このような行き方がいつまで続くものなのか。もちろん、続かないでしょう。しかし、雑誌を会社の商品ポートフォリオの一つと考えれば、「金のなる木」として、最大限活用していくことが最善手となりえます。まあ、総合雑誌の中ではすでに「現代」が休刊し、「中央公論」も昔日の面影をすっかり失った今、ひとり「文藝春秋」のみが頑張っており、というか残存者利益を独占していると言う意味では、理にかなったマーケティングとも言えそうです。

しかし、同誌の、極端な昭和シフトを見ていると、なにやら経済合理性のみというよりも、あたかも「昭和に殉ずる」かのような姿勢を感じないではありません。

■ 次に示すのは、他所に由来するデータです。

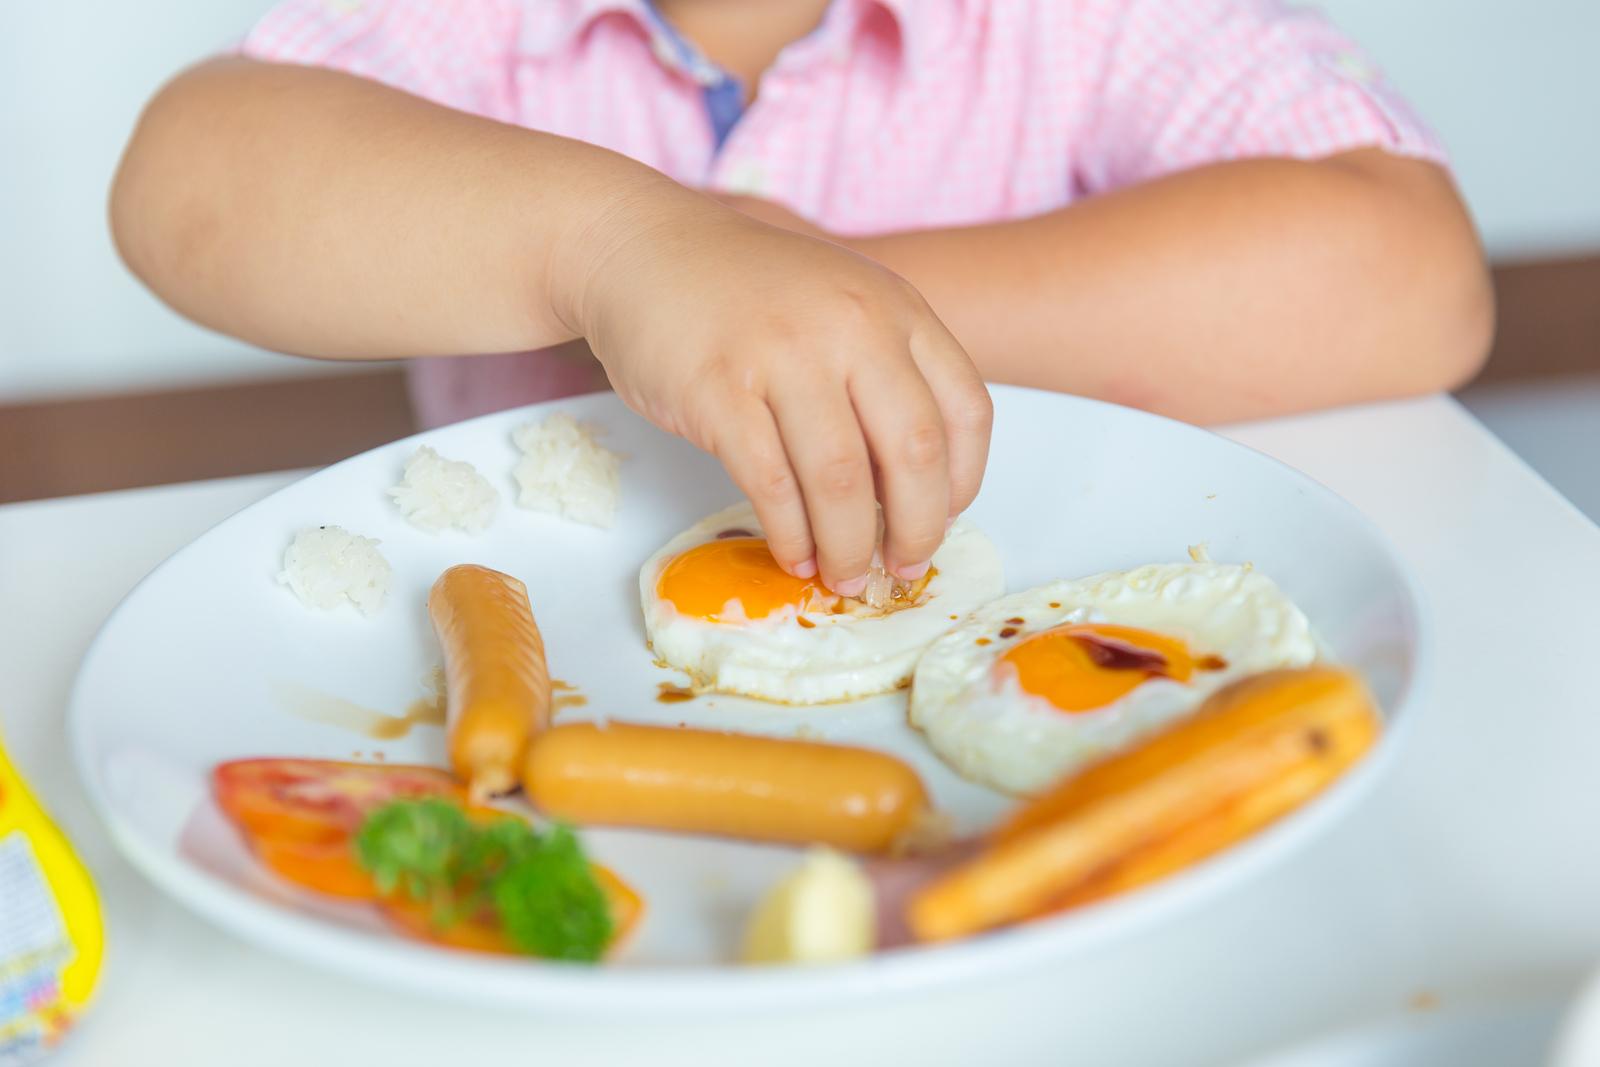 Kinderdiät, um Gewicht zu verlieren

思えば、明治とか大正って、ひとくくりのイメージがありますが、昭和については、時間的な長さもさることながら、戦前・戦中・戦後・高度成長・安定成長・バブルと、実にさまざまな要素を踏んでいると言う意味では、空前絶後の奥行きがありますね。ですから、いくらでも料理の仕方がありますし、それに殉じてもいいと思わせるものがあります。

ただ、これからの日本の課題は、この強力な「昭和」からの脱却にあるのではとも思われます。しかし、時間とエネルギーがかかりそうな課題ではありますね。